Игнат сел против деда, заглянул в его злые глаза. Разлили водку. У деда нос длинный, потому пьет он всегда только из стакана, рюмка в нос упирается.

Выпили. Дед стукнул стаканом по столу, спросил:

— Ты всех нас — дедов, дядьев, родителей — уважаешь?

— Ну?

— Не нукай, не запрягли. Почитаешь, говорю?

— Конечно, — насторожившись, ответил Игнат.

— А коли так, блюсть наши порядки обязан. Ты — казак чистокровный, без подмесу. Из роду знатного, — нас сам наказной атаман знает, — и ты по себе должон девку брать, не страмотиться, род свой не поганить.

О том, что Игнат казак, дед твердил чуть ли не каждый день.
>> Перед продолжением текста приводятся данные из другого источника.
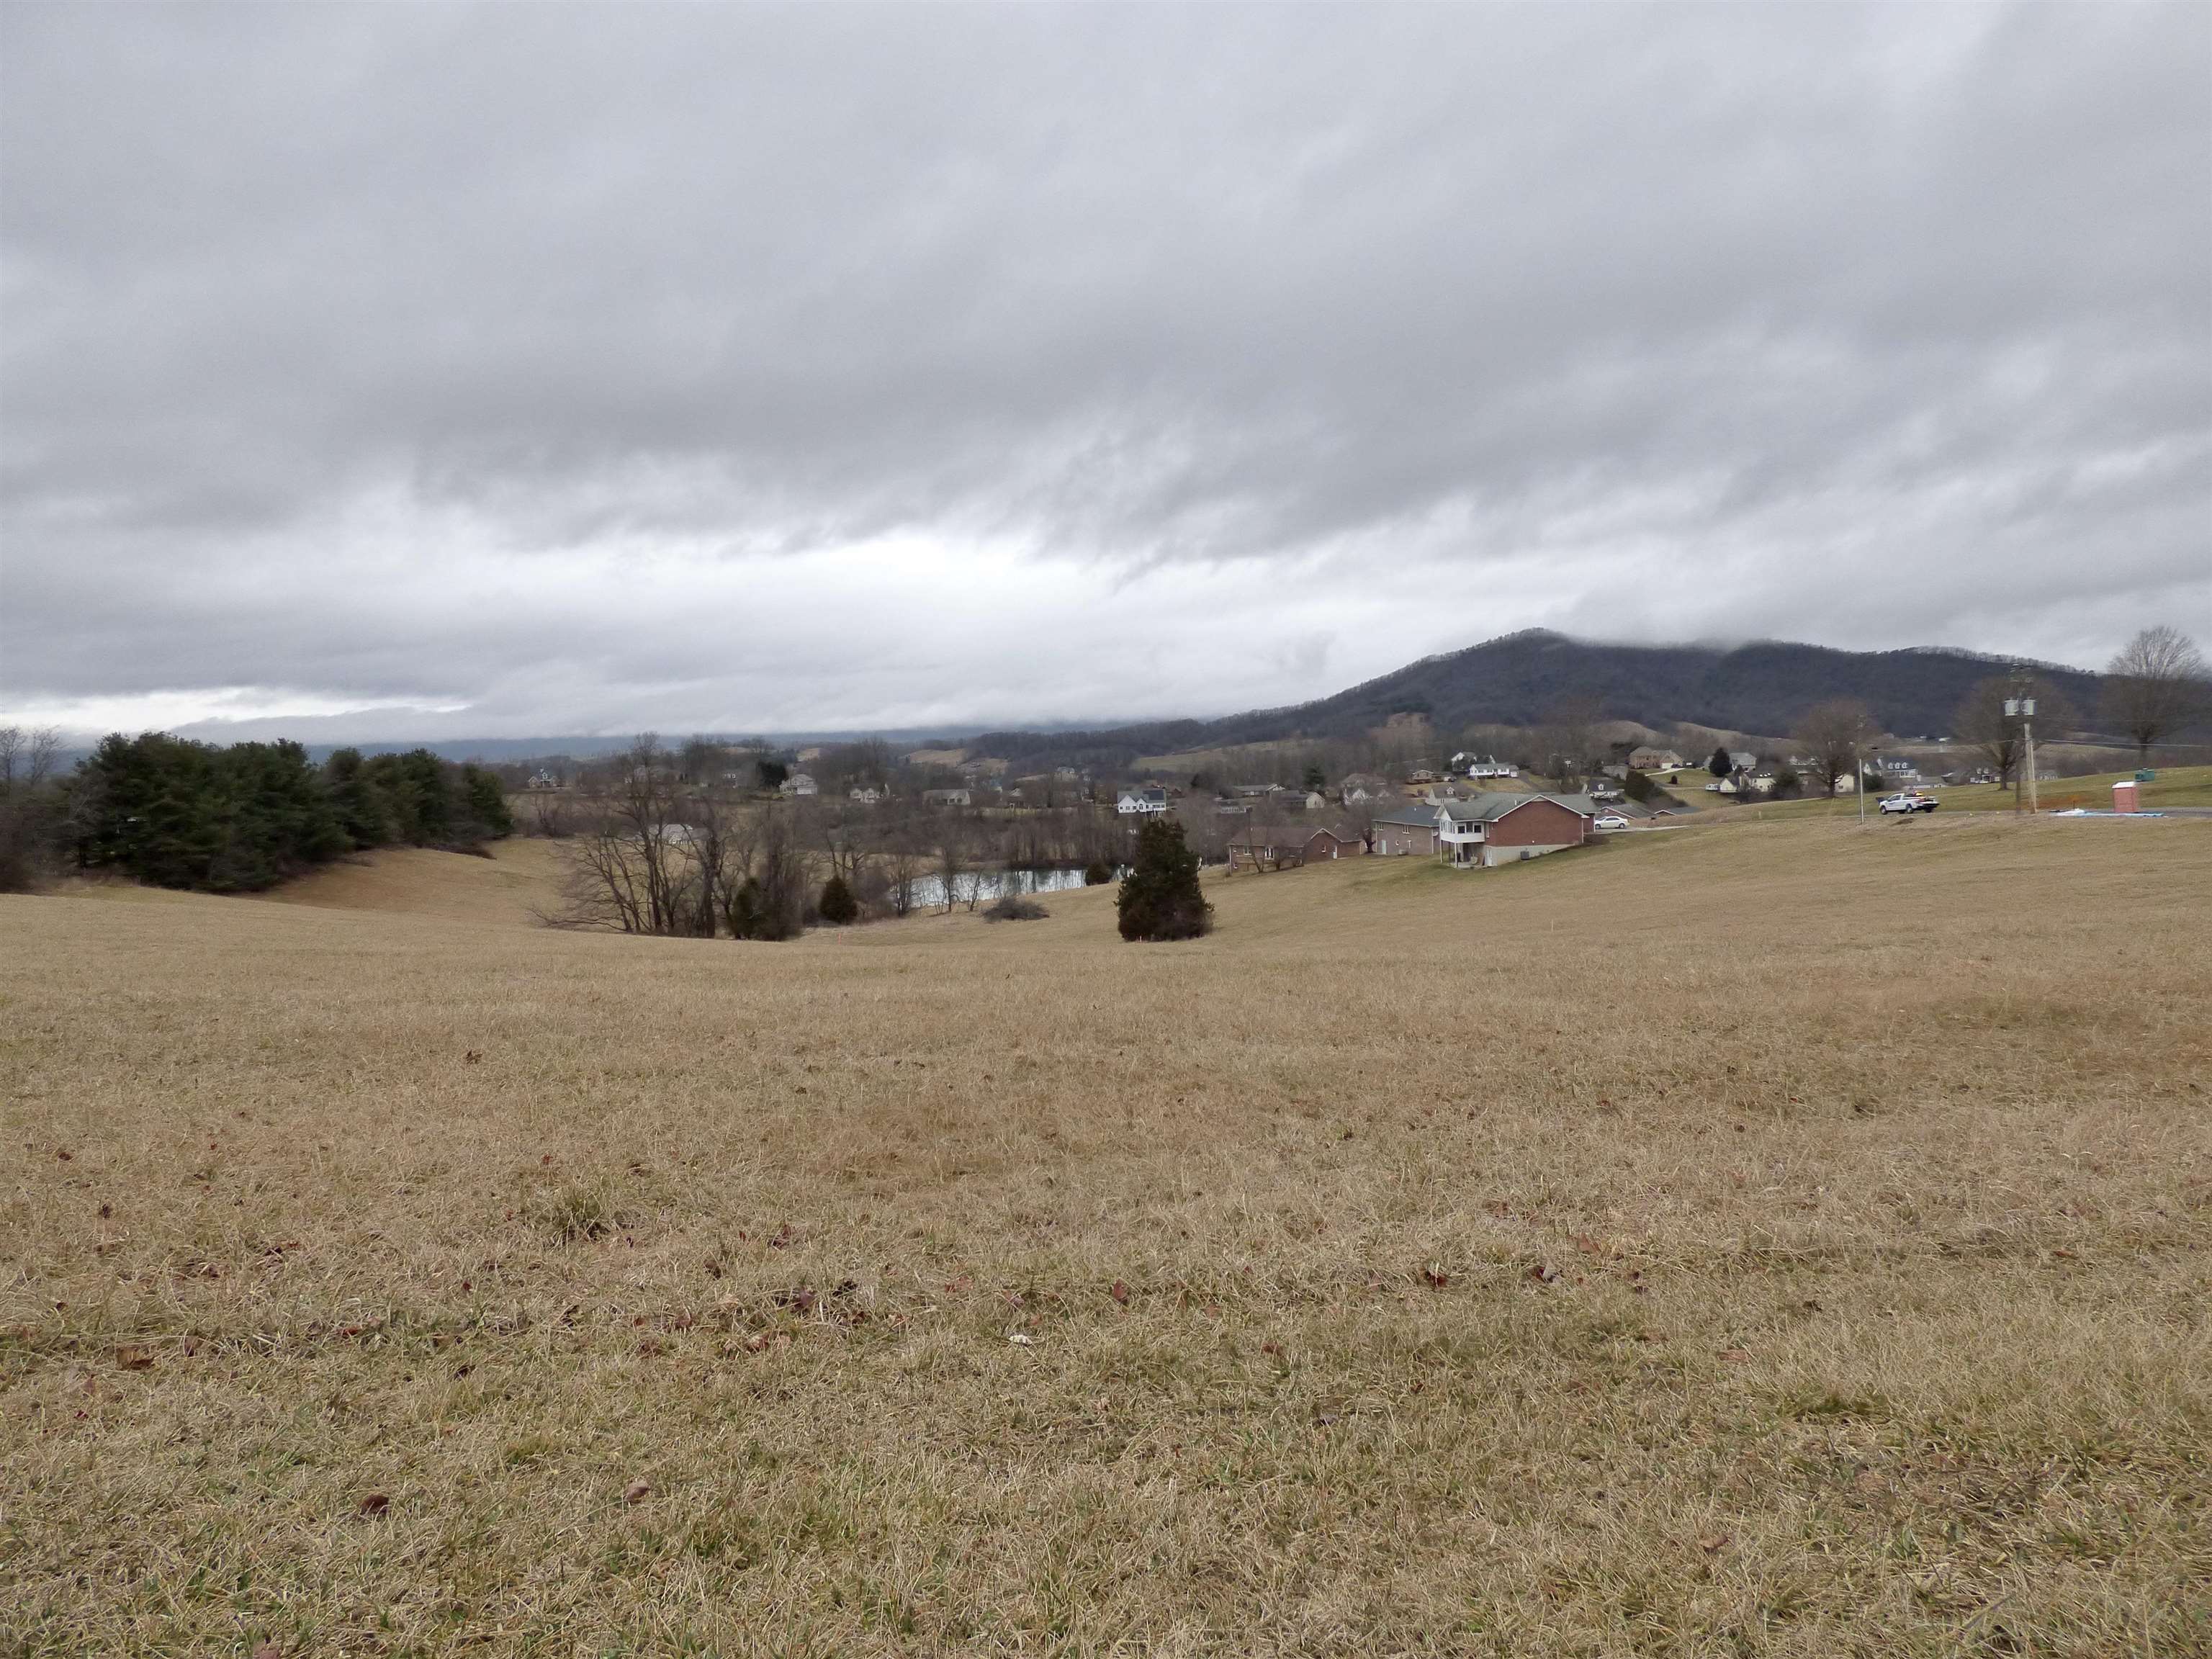 This .450-acre residential lot offers a great building site with mountain views and is zoned R1 for residential use. It's conveniently located with easy interstate access and has town water and sewer available. It is ideal for those looking to build a home in a scenic yet accessible location.

Мало того, он учил его, парнишонка, драться с ребятами, увозил внука в степь, к табуну, учил верховой езде. И когда Игнату после скачек на неоседланных копях больно было садиться за стол и он ел стоя, дед подмигивал, подбадривал: «Заживет как на собаке. Зато в армию пойдешь, командир сразу учует, что в эскадрон пришел заправский казак, а не какой-нибудь пластун-хохлушонок».
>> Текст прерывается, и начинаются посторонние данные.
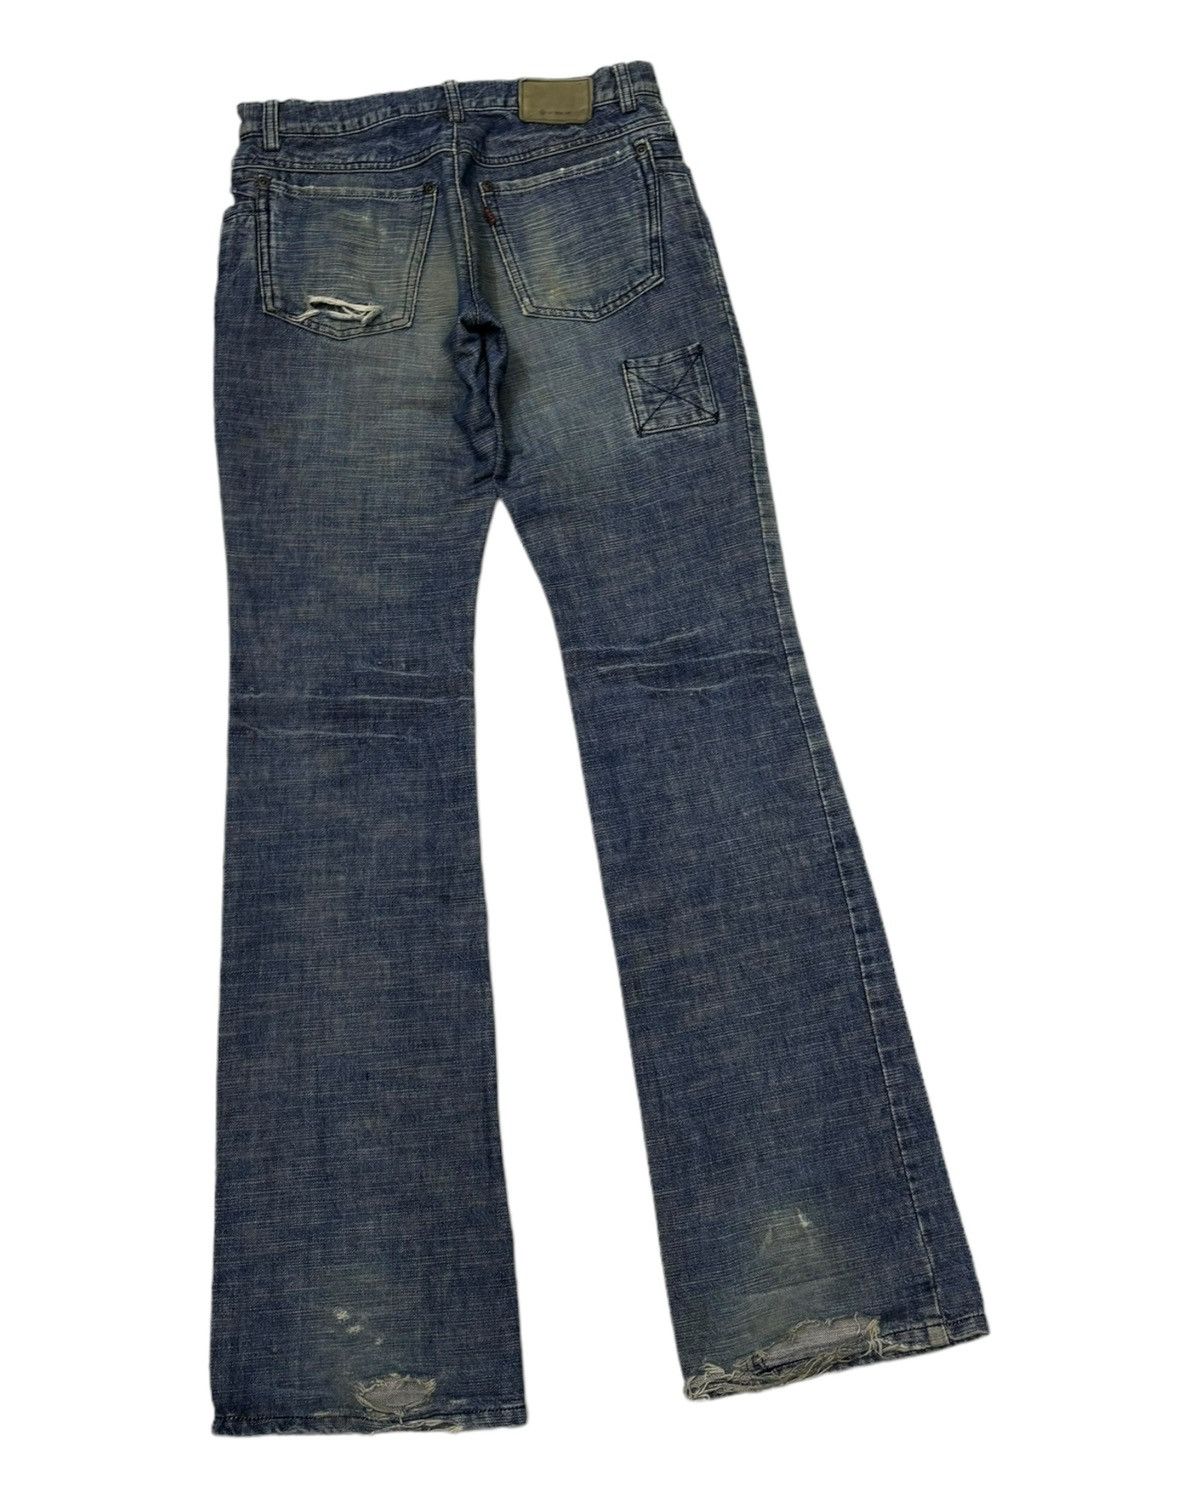 Archival Clothing - 🔥ARCHIVE L7 REAL HIP JAPANESE FLARED DENIM BOOTCUT JEANS - 5

— Обождем! — припечатал отец, хлопнув ладонью по столу. — Вот так. Поспешать нам некуда, и пока что не нужно ни грамотных, ни красивых. Говорят, бедному жениться — и ночь коротка, а тебе?..
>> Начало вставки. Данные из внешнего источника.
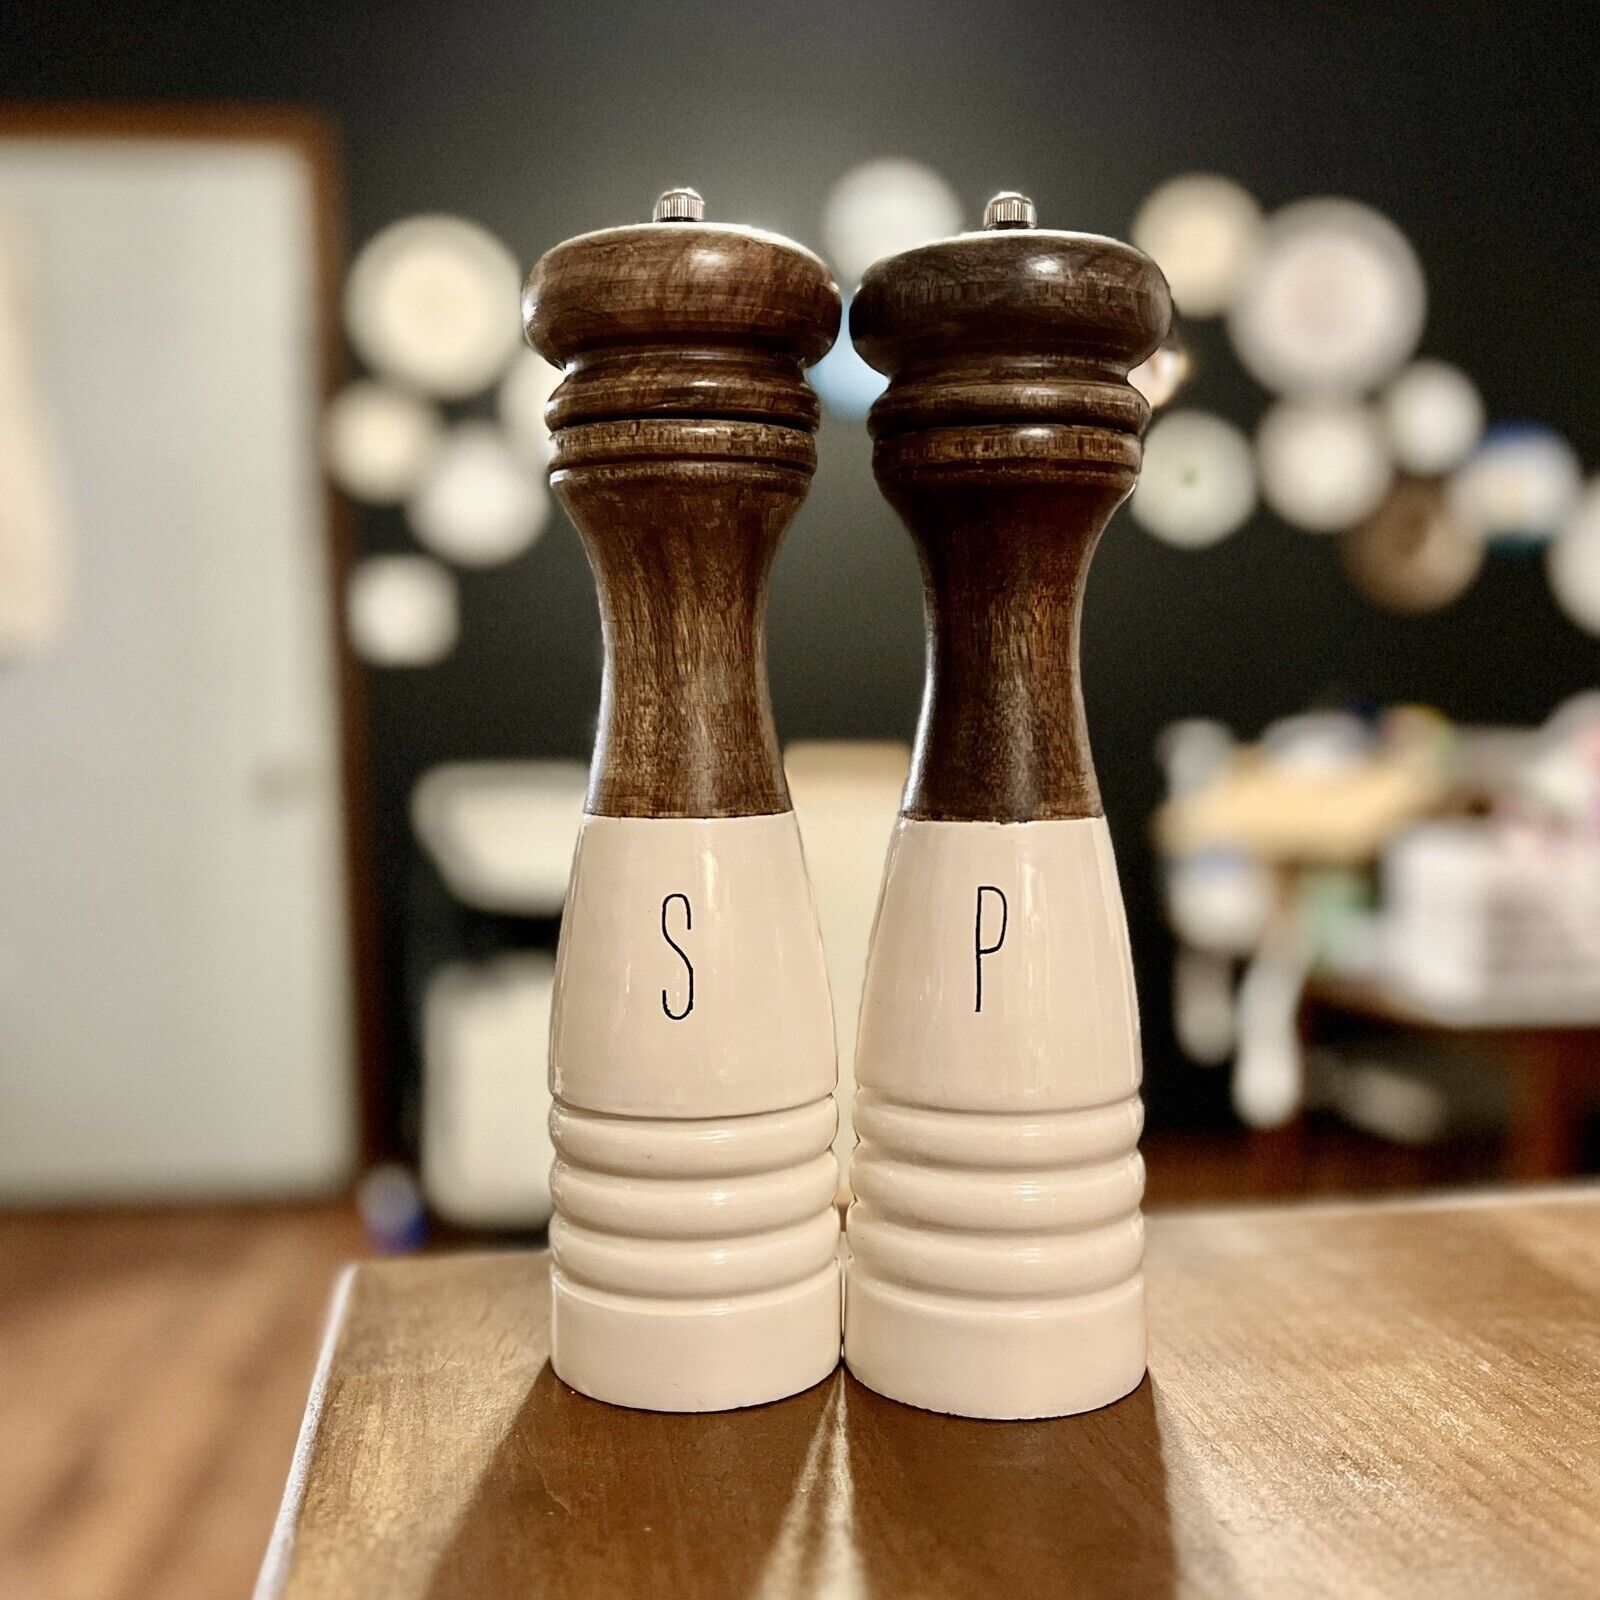 Farmhouse Mudpie Salt And Pepper Grinder Shaker Tall Classic

— Помощница-то нужна, — несмело подала голос мать, — избегалась я. От зари до зари на ногах. Ем стоючи… — руки немеют, в поясницу стреляет…

— А вот я поджидать не собираюсь, — заявил Игнат и поднялся, плечом касаясь божницы. — Сказал — сватайте, а не то… не то поднимусь и уйду.

Отец кинул деревянную ложку на середину стола.

— Вот как!.. Дожили! Что от сыночка услыхали. Иди, поглядим, как ты без нашего догляду жить будешь. Иди, пострамись. Понуждаться захотелось? Но на поклон не ходи, когда пыли в ноздри набьется. Будешь в нужде, как твоя тетушка, побирашек плодить. Долго молчали все.

— Неужели мы, родные, не договоримся? — спросила мать. — За маманею догляд нужон…

Дед мелкими шагами мерил комнату, что-то непонятное бормотал себе под нос. Потом выкрикнул:

— Не хватало роду Назарьевых позору! Ишь что удумал!

— Раз так ему схотелось — сватайте, — рассерженно сказала бабка, выглядывая из комнатушки-заборки. — Бедная, да веры нашей, старой. Своя. Зачем нам в курень церковная или совсем нехристь.

Бабку побаивались, потому замолчали все надолго. Не угоди ей — не будет ладу и покоя в курене.

— Гляди, парень, тебе жить, — строго и наставительно сказал отец.

* * *

Остановился мастеровой Дмитрий Каретников на житье у самого многодетного хуторянина — кузнеца, будто племянник его. «Веселый парень», — невесело говорил о нем на вечерках Игнат, чтобы не выдать своей тревоги. Однажды его отозвал в сторону Сысой, ухватился за плечо, задышал зло в лицо.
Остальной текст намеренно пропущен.